Mar 062016

Winters Born as Summer Dies – Go Rain

The River’s High Water Mark, Clearly Seen on the Bank


Where Have All the Flowers Gone

Early morning – even with this fierce drought – is a magical time.  As the sun slips above the mountains to the east, the treetops are washed in gold against the bluest sky. Birds mass in these treetops; babbling and preening as they prepare for the day.

The bush is slipping into fall, without familiar signs to mark the change, save a subtle shift of light, a certain coolness before dawn. And, it’s so peaceful…

Hornbill River Ramble

Down by the river, two southern ground hornbills iNgududu in Zulu, are having a tête-à-tête – deep notes echoing in the still morning air – calling, “go rain, go rain”. Away from the river banks, further north, another pair begins to call – “go rain, go rain.” These bird have a sound you will never forget and here’s our article on these wonder birds and for their sound, scroll to the bottom. We have heard them now for 10 days solid, first thing every morning. It’s such a warm, peaceful, mellow sound, echoing between the river banks, soothing any frayed edges before the start of day.

It’s been a season without flowers. Somehow, over the years we have managed to have most family celebrations – birthdays, anniversaries, and other milestones – happening during the rainy season. Our most enduring family tradition, no matter where we find ourselves in the world, is to garland the place-mat of the birthday boy or girl with flowers and leaves. Since returning to Africa, there’s been no shortage of wild flower material… until this year.
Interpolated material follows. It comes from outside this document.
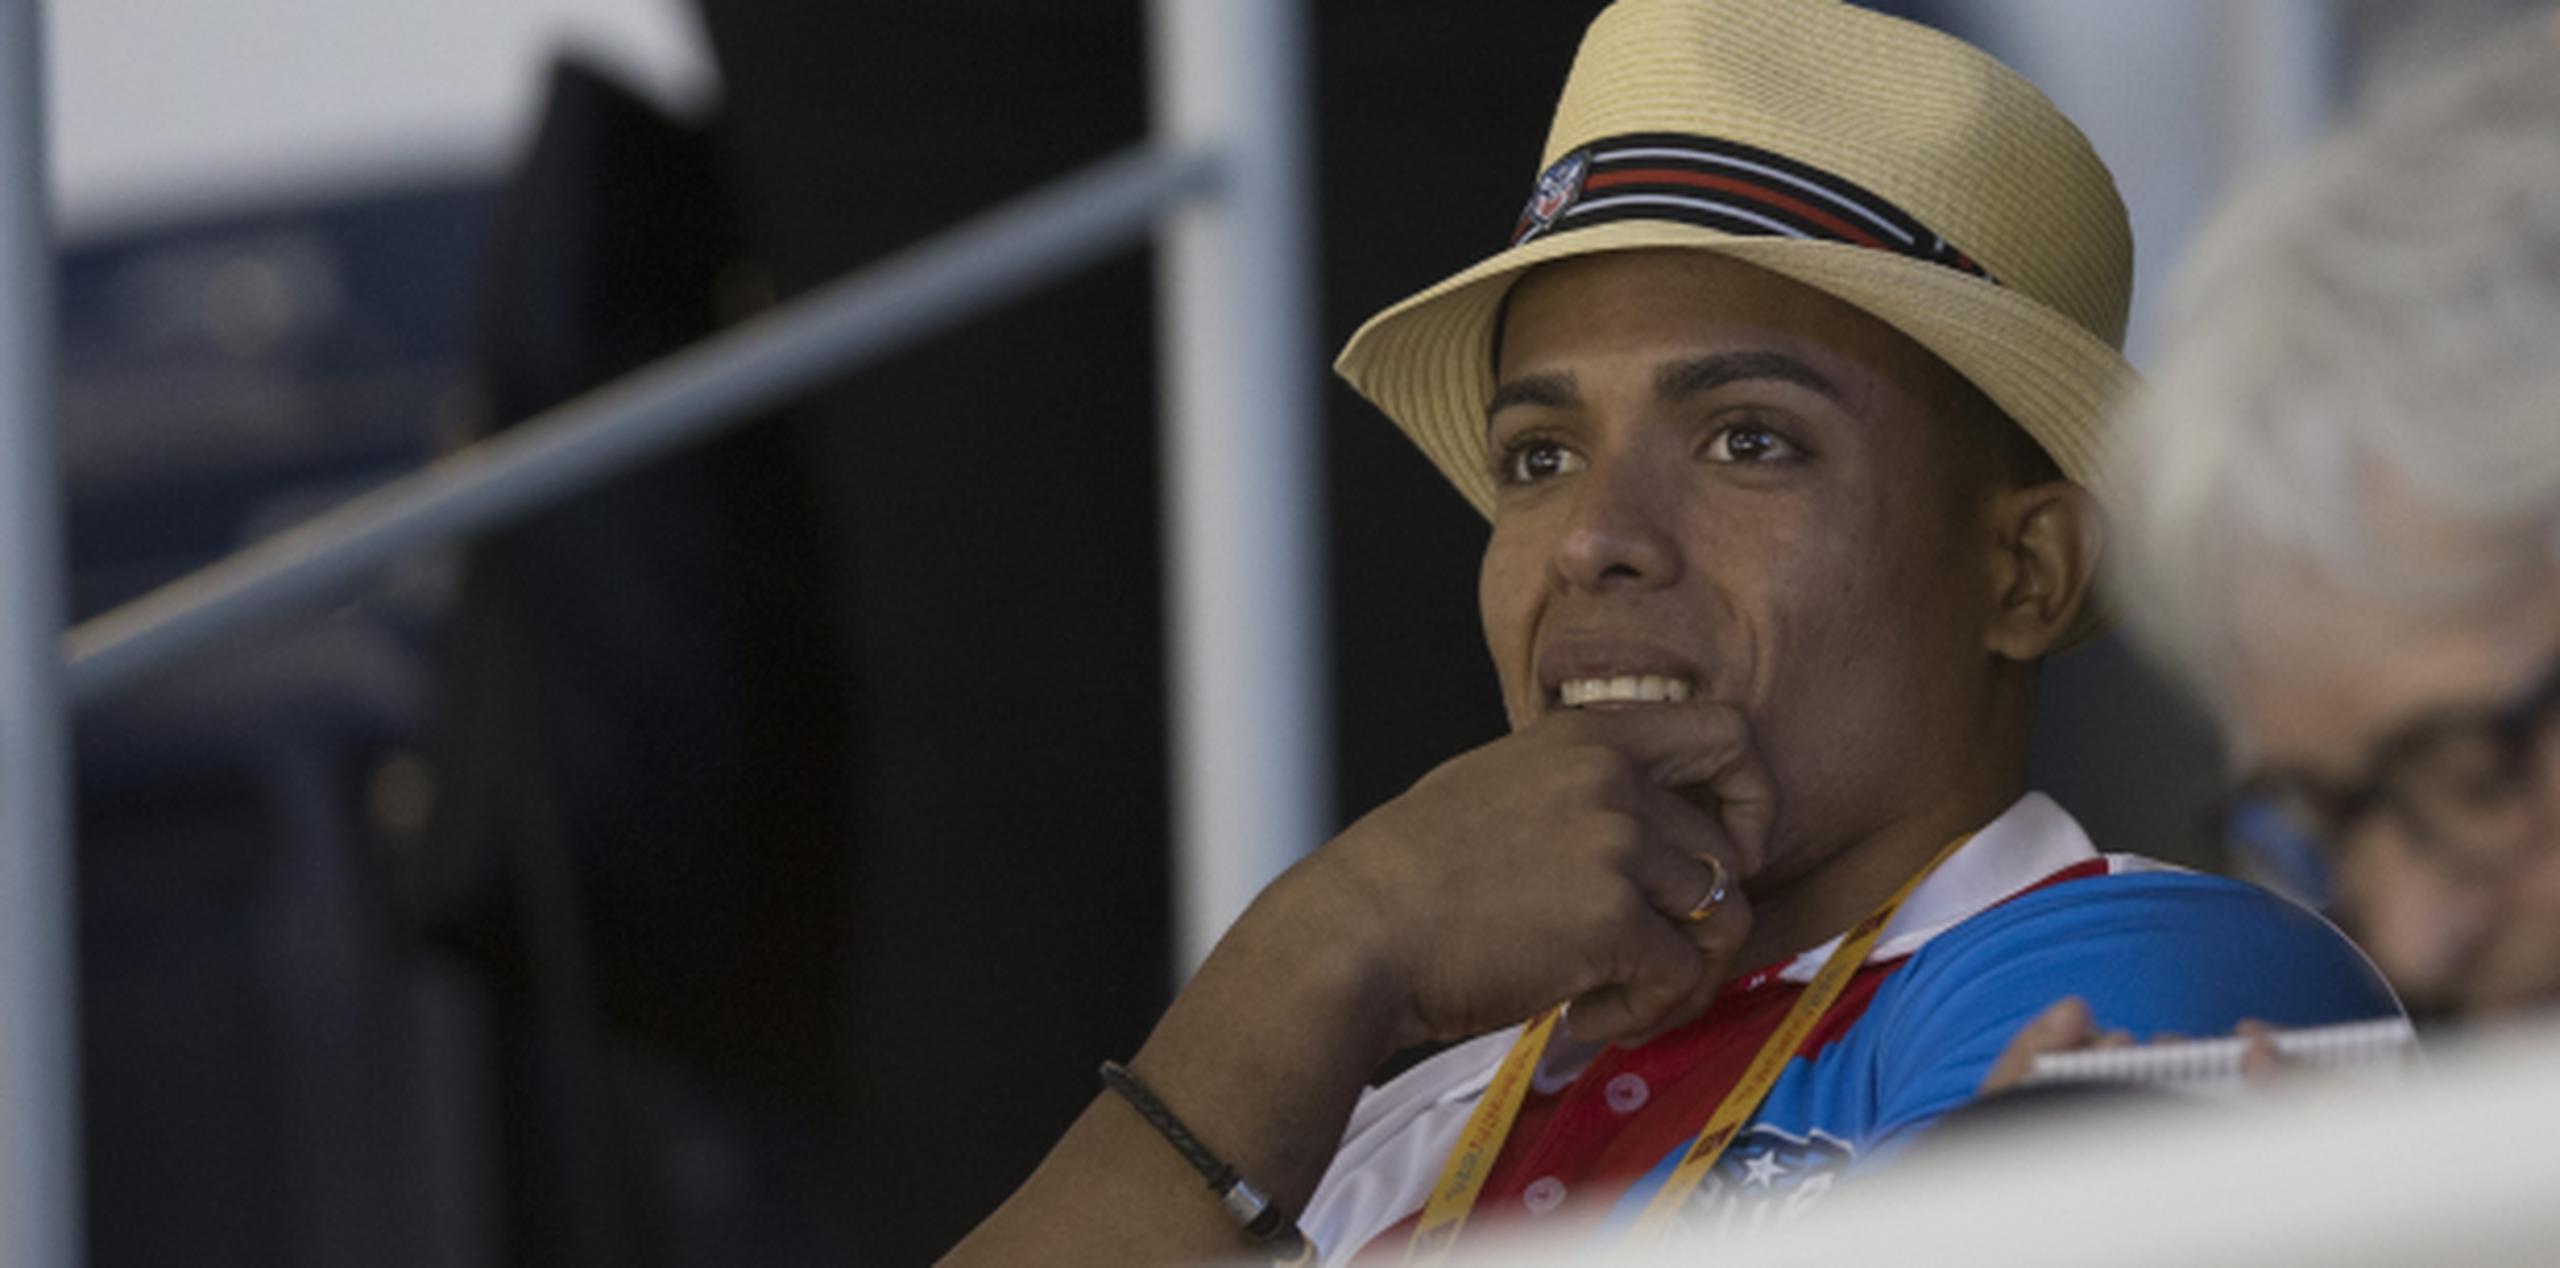 Luis Rivera fue ayer el abanderado de la delegación boricua en TORONTO 2015, pero no pudo participar en los Panamericanos por una lesión en su bíceps izquierdo.
(xavier.araujo@gfrmedia.com)

Birthday Breakfast. Say it With Flowers.

The game patterns have shifted, animals travel to where the water and food is. Long before dawn breaks, a gang of hungry, banded mongoose set off to hunt for bugs by the river. Along the way, they stop to forage around our bungalow and drink from the small waterhole up front. Their bubbling, tumbling chatter wakes us long before they arrive.

Standing by the open window one morning, there’s a loud scraping noise, then another! Could there be a trespasser in the bush? Not on your nelly! More scraping, a furious snort and the rumble of hooves alerts us, as a herd of zebra comes thundering through, playing jumping games all the way.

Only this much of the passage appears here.